Some rabid open-source wonks accused Redis Labs of trying to trick the community into thinking that modules were open source, because they used the word “Apache.” (They were reported to be foaming at the mouth while making these accusations, but in fairness it could have been just drool.)

There’s no trick. The Commons Clause is a rider that is to be attached to any permissive open-source license. Because various open-source projects use various open-source licenses, when releasing software using Commons Clause, one must specify to which underlying permissive open-source license one is attaching Commons Clause.

Why not AGPL?

There are two key reasons to not use AGPL in this scenario, an open-source license that says that you must release to the public any modifications you make when you run AGPL-licensed code as a service.

First, AGPL makes it inconvenient but does not prevent cloud infrastructure providers from engaging in the abusive behavior described above. It simply says that they must release any modifications they make while engaging in such behavior. Second, AGPL contains language about software patents that is unnecessary and disliked by a number of enterprises.

Many of our portfolio companies with AGPL projects have received requests from large enterprises to move to a more permissive license, since the use of AGPL is against their company’s policy.

Balance

Cloud infrastructure providers are not bad guys or acting with bad intentions. Open source has always been a balancing act. Many of us believe in our customers and peers seeing our source code, making improvements and sharing back. It’s always a leap of faith to distribute one’s work product for free and to trust that you’ll be able to put food on the table. Sometimes, with some projects, a natural balance occurs without much deliberate effort. But at other times, the natural balance does not occur: We are seeing this more and more with infrastructure open source, especially as cloud infrastructure providers seek to differentiate by moving up the stack from commodity compute and storage to higher level infrastructure services.

Revisions

The Commons Clause as of this writing is at version 1.0. There will be revisions and tweaks in the future to ensure that Commons Clause implements its goals. We’d love your input.
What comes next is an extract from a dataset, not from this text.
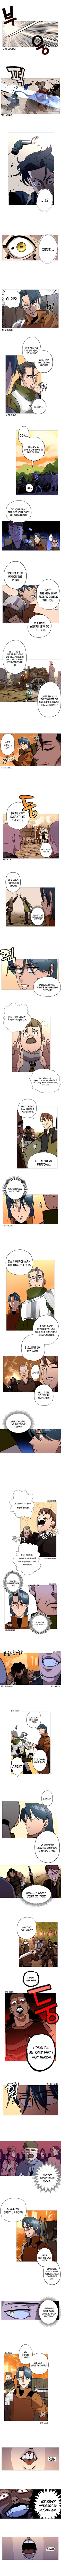 The Story Of A Low-Rank Soldier Becoming A Monarch - Page 2

Differences of opinion on Commons Clause that we have seen expressed so far are essentially differences of philosophy. Much criticism has come from open-source wonks who are not in the business of making money with software. They have a different philosophy, but that is not surprising, because their job is to be political activists, not build value in companies.
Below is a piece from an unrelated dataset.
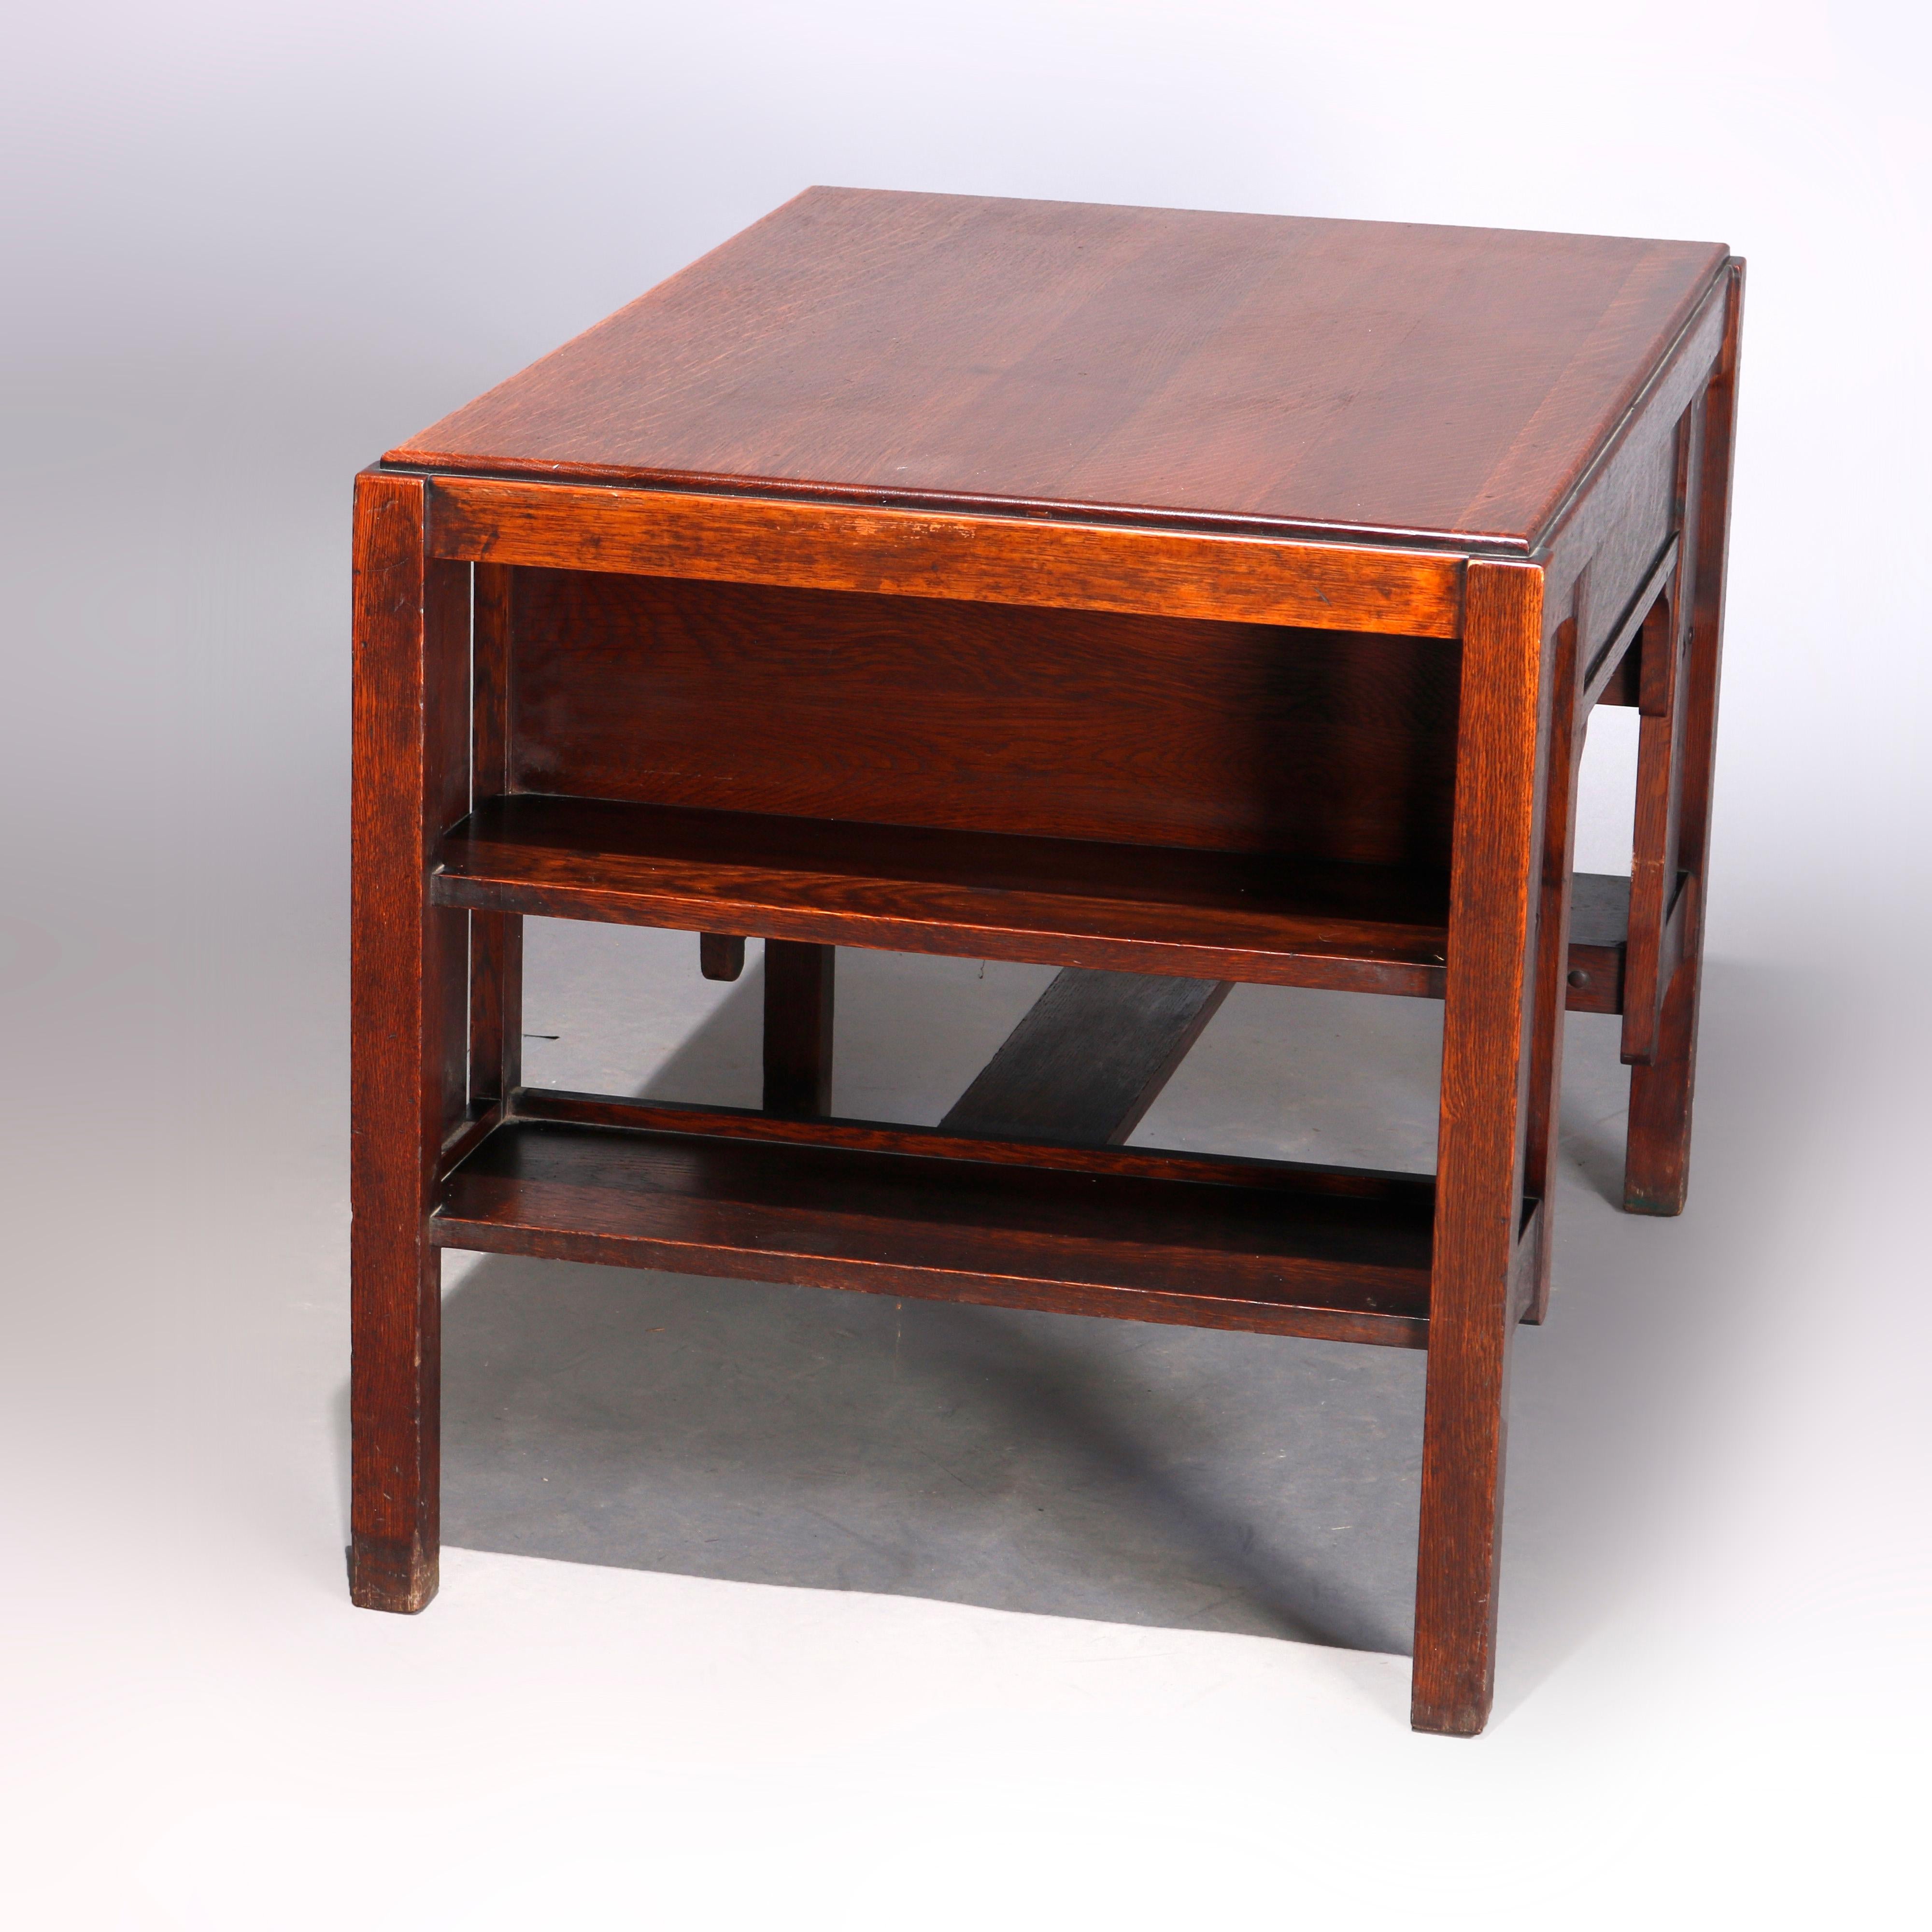 Arts and Crafts Antique Arts & Crafts Mission Oak Desk, Library Table, by Limbert, circa 1910

Some have misconstrued that it prevents people from offering maintenance, support or professional services. This is a misreading of the language. Some have claimed that it conflicts with AGPL. Commons Clause is intended to be used with open-source licenses that are more permissive than AGPL, so that AGPL does not have to be used! Still, even with AGPL, few users of an author’s work would deem it prudent to simply disregard an author’s statement of intent to apply Commons Clause.

Protecting open source 

Some open-source stakeholders are confused. Whose side should they be on? Commons Clause is new, and we expected debate. The people behind this initiative are committed open-source advocates, and our intent is to protect open source from an existential threat. We hope others will rally to the cause, so that open-source companies can make money, open source can be viable and open-source developers can get paid for their contributions.